Two months into Space In Your Face's promotional tour, DGC pulled the band's touring support and dropped the band, forcing the band to cancel a planned European tour and return home. In June 1995, depressed and disappointed with the band's lack of success, Dane Sonnier and Alan Doss left the band, resulting in Galactic Cowboys temporarily breaking up. Two weeks after the breakup, Monty Colvin received a voicemail from Metal Blade Records with an offer to sign to the band. Metal Blade's founder, Brian Slagel, had previously offered the band a recording contract with the label in 1993 in the event that DGC dropped the band. Subsequently, the Galactic Cowboys quickly reformed, with the band's guitar tech Wally Farkas replacing Sonnier on guitar (as Sonnier showed no interest in re-joining the band). The band released a third album, Machine Fish, and an EP titled Feel the Rage in 1996. The album The Horse That Bud Bought followed in 1997, departing from the band's metal sound into a toned-down style.

The band recorded At the End of the Day in 1998, a concept album regarded by fans as the band's peak effort.

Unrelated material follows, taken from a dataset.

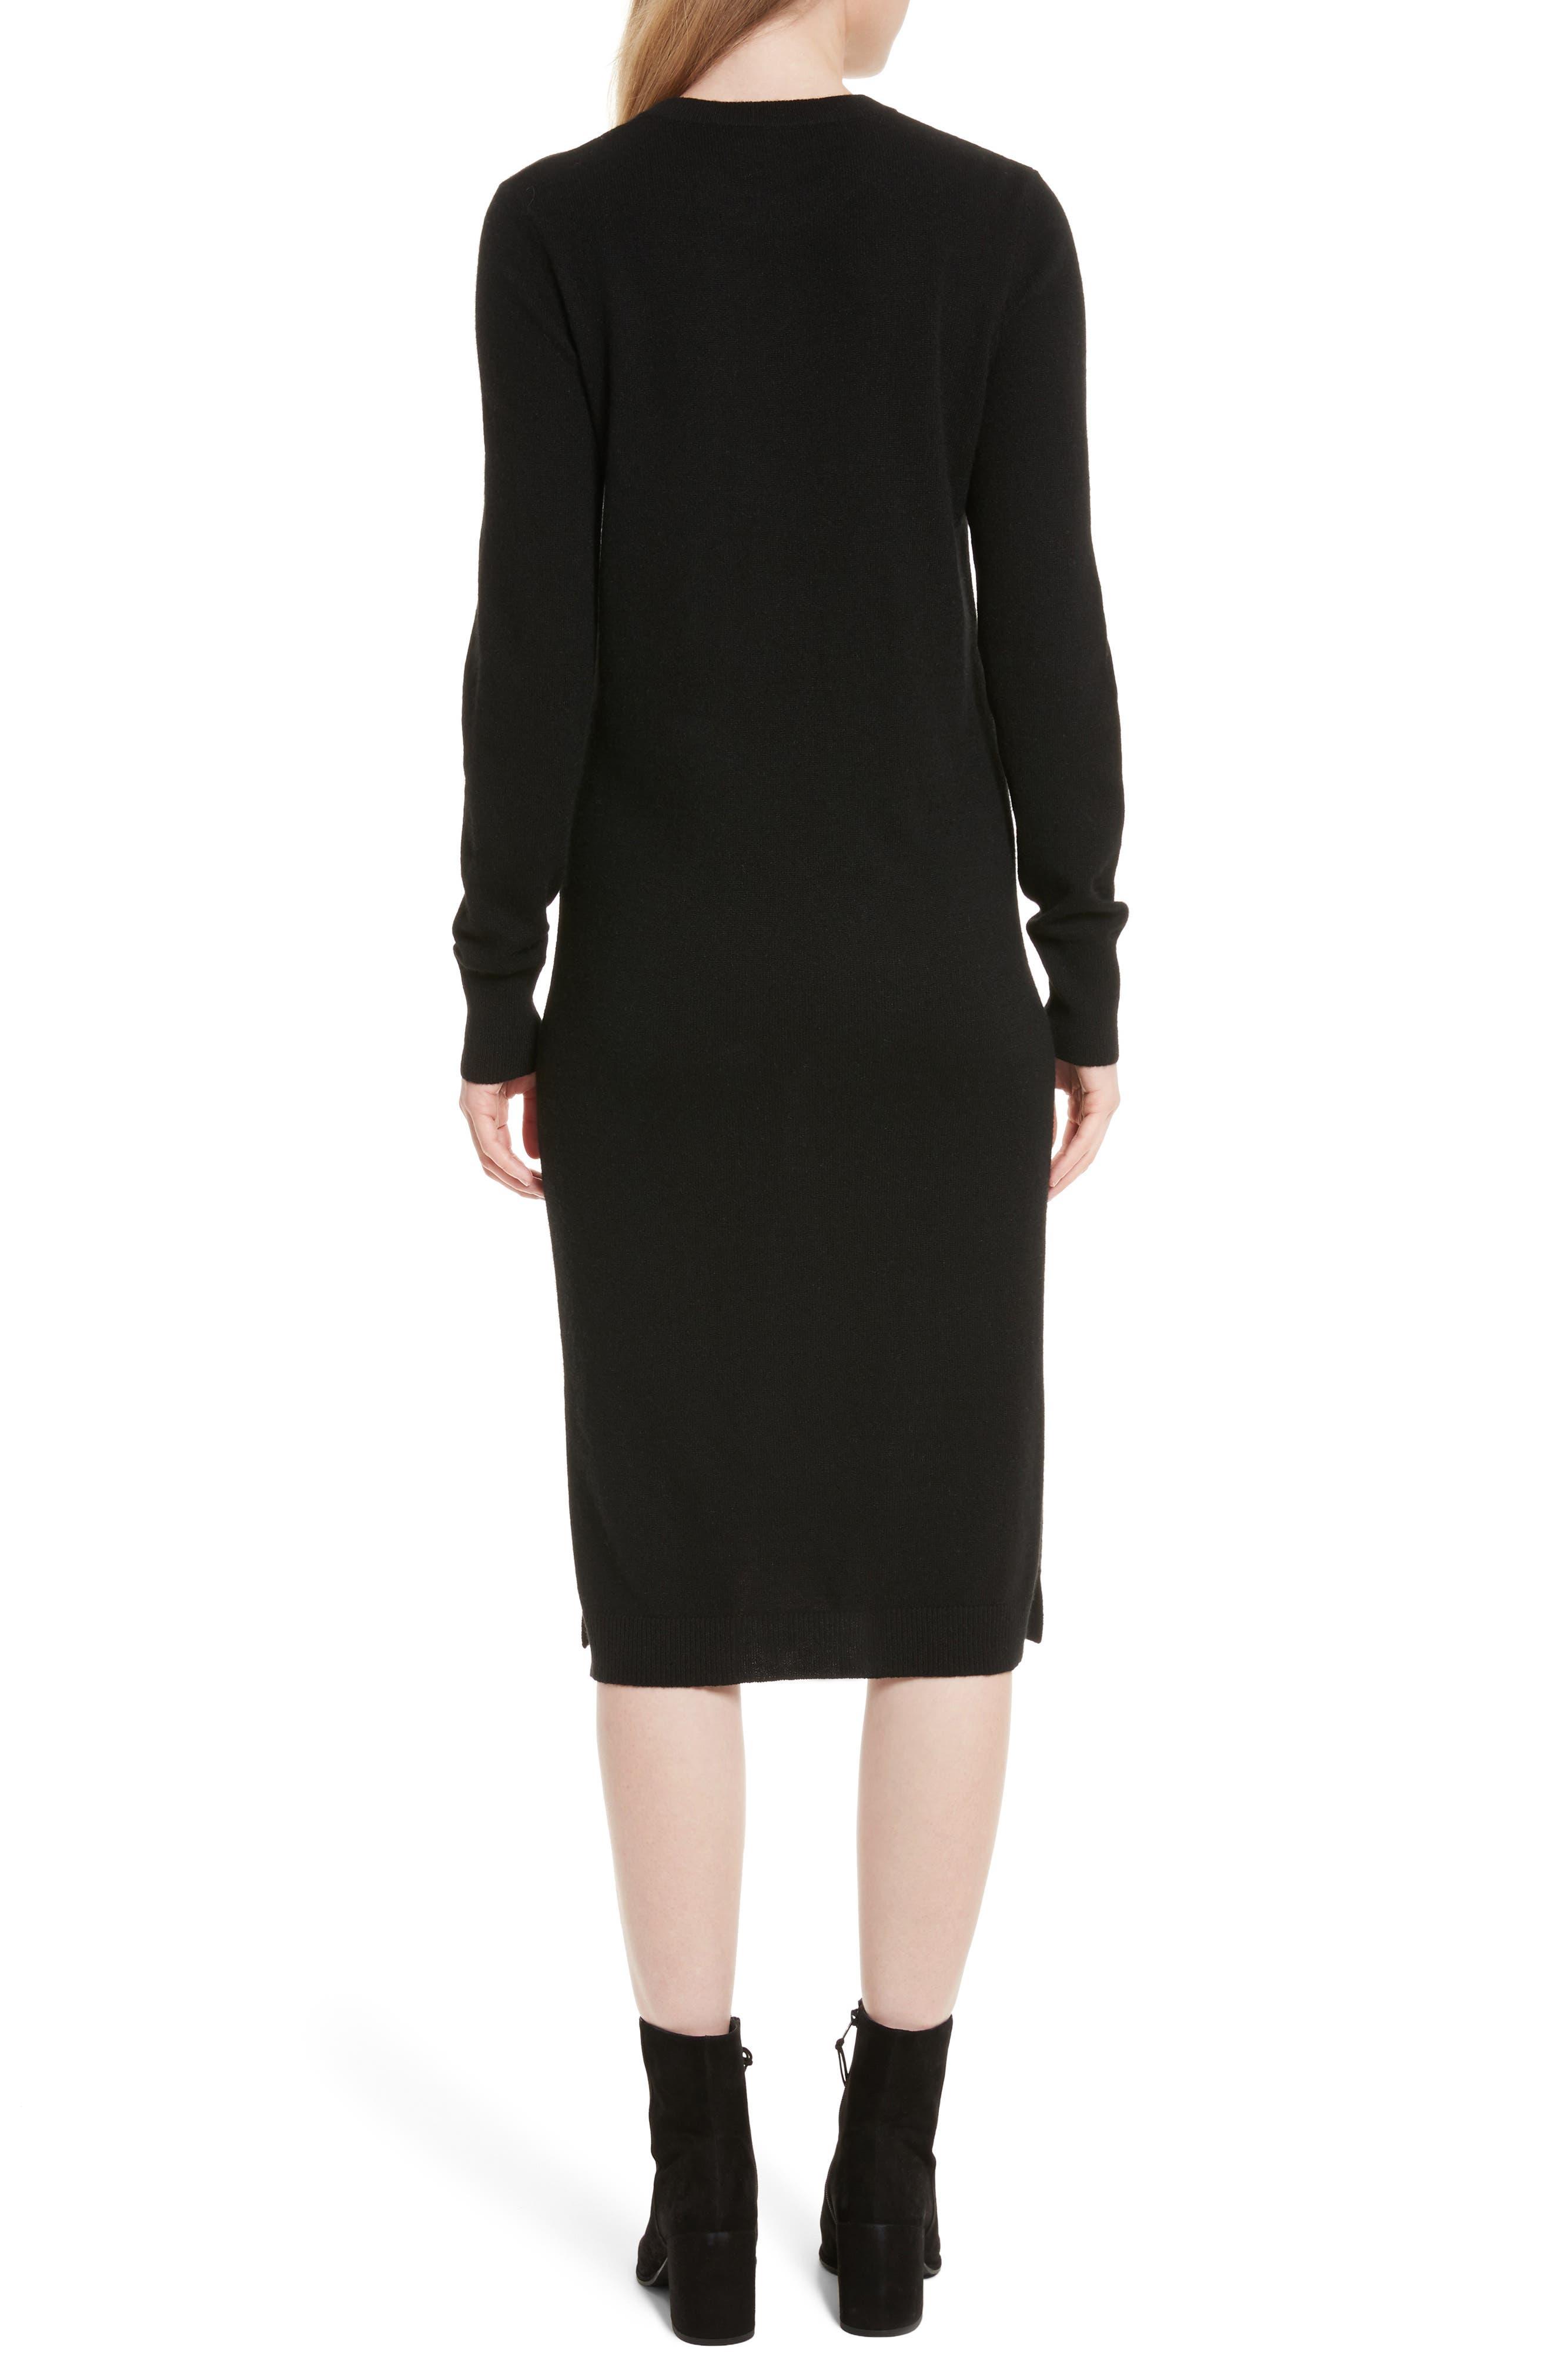 Snyder Cashmere Knit Midi Dress,                             Alternate thumbnail 2, color,                             001

Two weeks before the album's release, drummer Alan Doss left the band. Session drummer Erick Tatuaka performed drums on the subsequent tour.

The band's final album of their four-album Metal Blade Records contract, Let It Go, was released on June 20, 2000, and featured lead vocal performances by each band member. King's X drummer Jerry Gaskill, a friend of the band, performed drums on the album. Prior to its release, on April 28, 2000, the Galactic Cowboys announced that they had decided to disband. While the band's reason for their disbandment at the time was so the bandmembers could focus on their own solo projects, Monty Colvin later cited the band's frustration at their lack of direction or success as the primary cause. "I just felt like we weren’t going anywhere and I was just very frustrated." The band did not tour in support of the album or play any farewell shows, with Ben Huggins saying they would likely never tour again unless they received an "incredibly amazing" offer to reunite.

=== Reunion (2009–present) ===
Besides original songs, Galactic Cowboys have recorded cover versions of songs by Kiss, Petra and Wings.

The band performed 3 reunion shows in August 2009 in Houston, Dallas, and Austin. Following these shows, Wally Farkas permanently quit the band. The band's original line-up reunited for a special, one-off performance at Acadia Bar and Grill in Houston, Texas on September 13, 2013.

On July 4, 2016, they announced via bassist Monty's Rockcast podcast (No. 176) that they had signed with a progressive record label and were working on a new album with the original lineup (Colvin, Huggins, Doss, Sonnier). On November 17, 2017, Mascot Label Group released the new album, titled Long Way Back to the Moon.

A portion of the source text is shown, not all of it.